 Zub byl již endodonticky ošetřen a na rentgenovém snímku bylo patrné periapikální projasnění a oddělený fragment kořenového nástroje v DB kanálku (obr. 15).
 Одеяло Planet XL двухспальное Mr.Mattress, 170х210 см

---

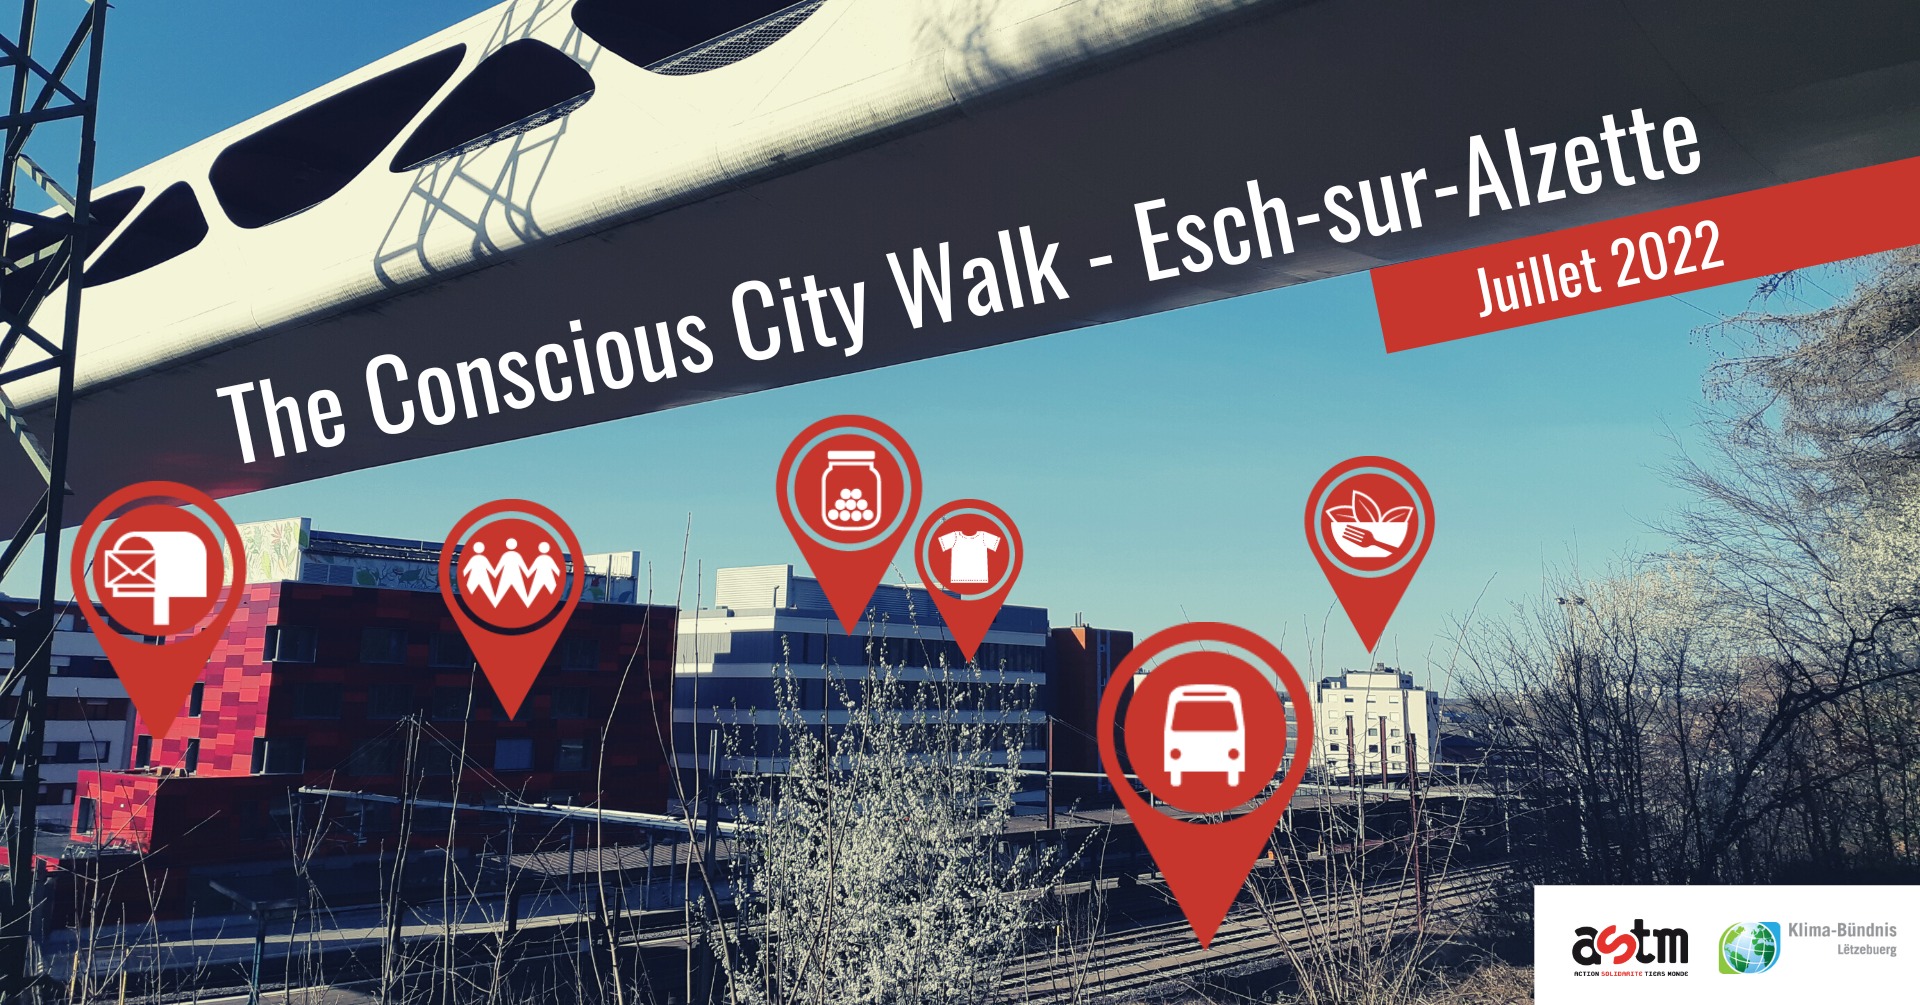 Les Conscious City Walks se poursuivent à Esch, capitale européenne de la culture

---

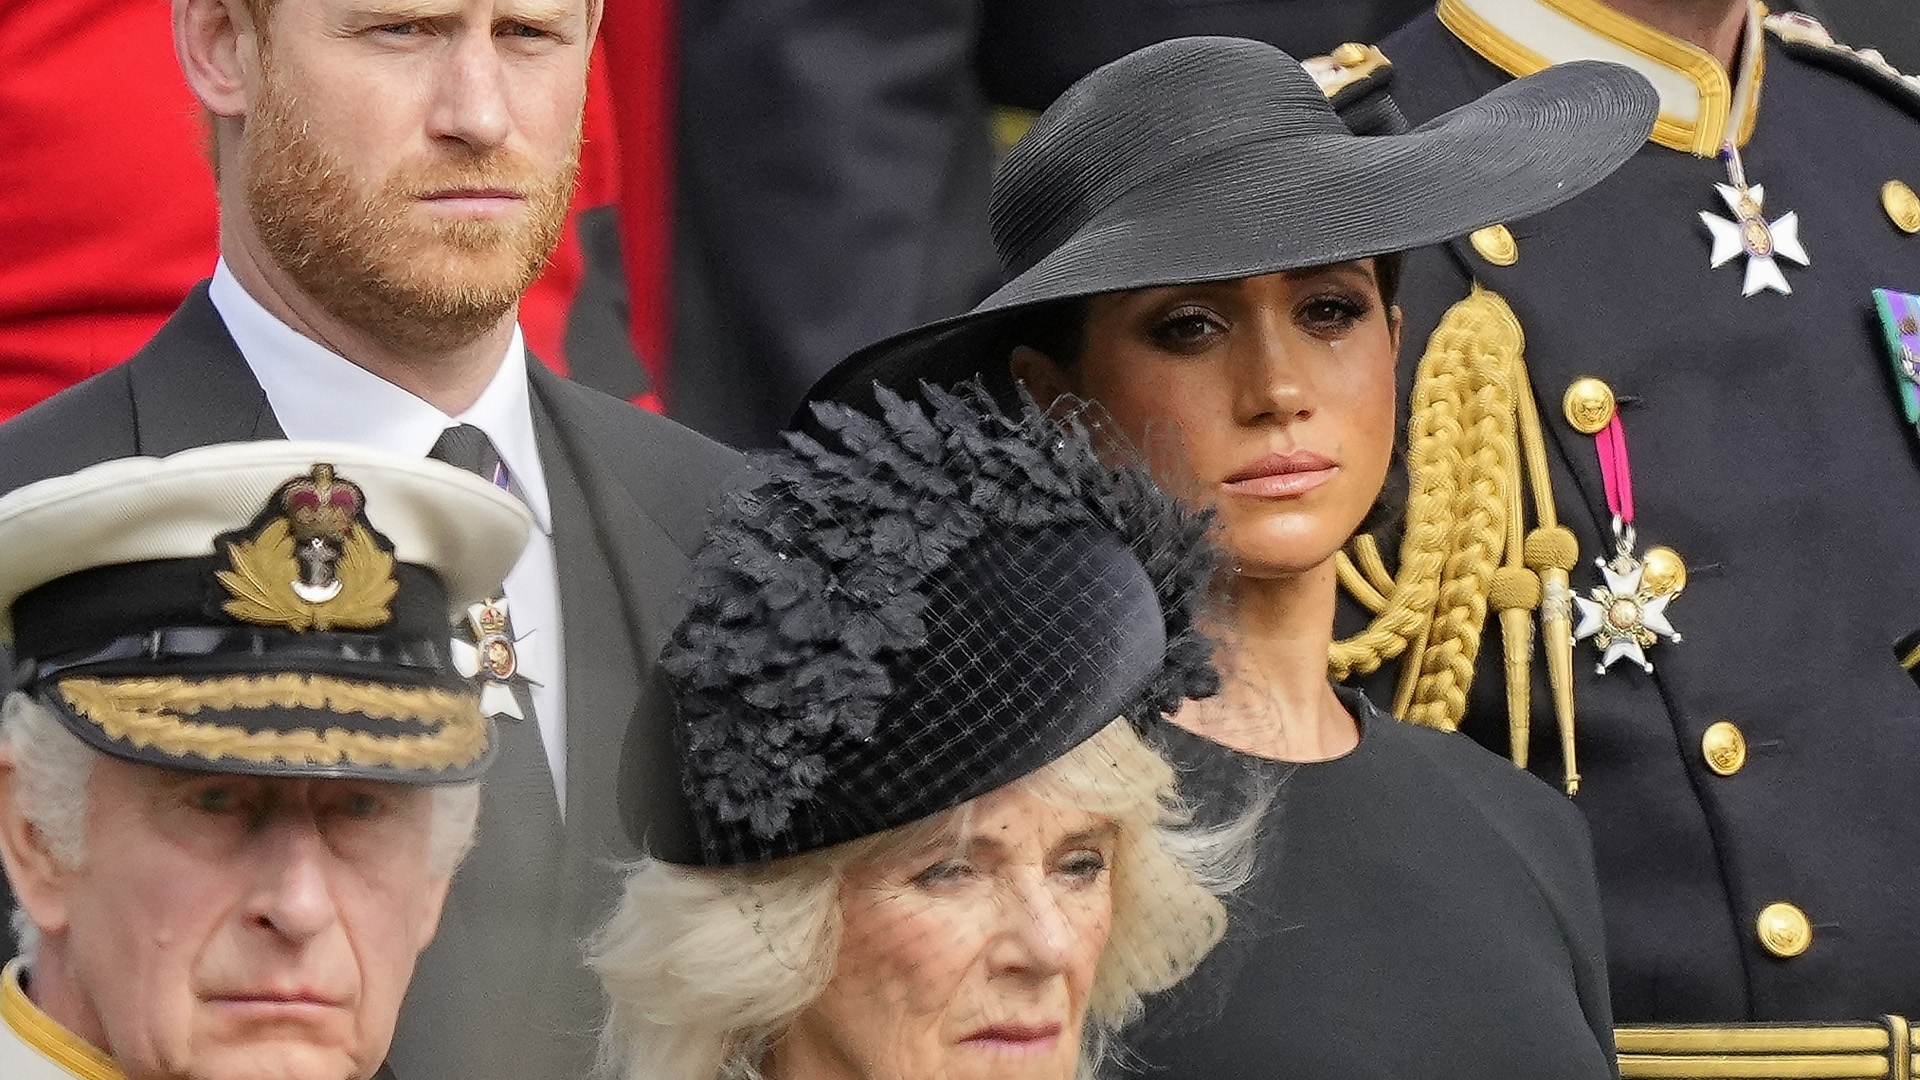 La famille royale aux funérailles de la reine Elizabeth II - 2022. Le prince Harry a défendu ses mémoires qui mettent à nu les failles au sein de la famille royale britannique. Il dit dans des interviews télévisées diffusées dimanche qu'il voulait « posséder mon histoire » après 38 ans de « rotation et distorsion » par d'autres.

Task item
In the listing above, find the line containing "Zub byl již" and the line containing "Одеяло Planet XL", then repeat those two lines and everything between them exactly.

Task result
 Zub byl již endodonticky ošetřen a na rentgenovém snímku bylo patrné periapikální projasnění a oddělený fragment kořenového nástroje v DB kanálku (obr. 15).
 Одеяло Planet XL двухспальное Mr.Mattress, 170х210 см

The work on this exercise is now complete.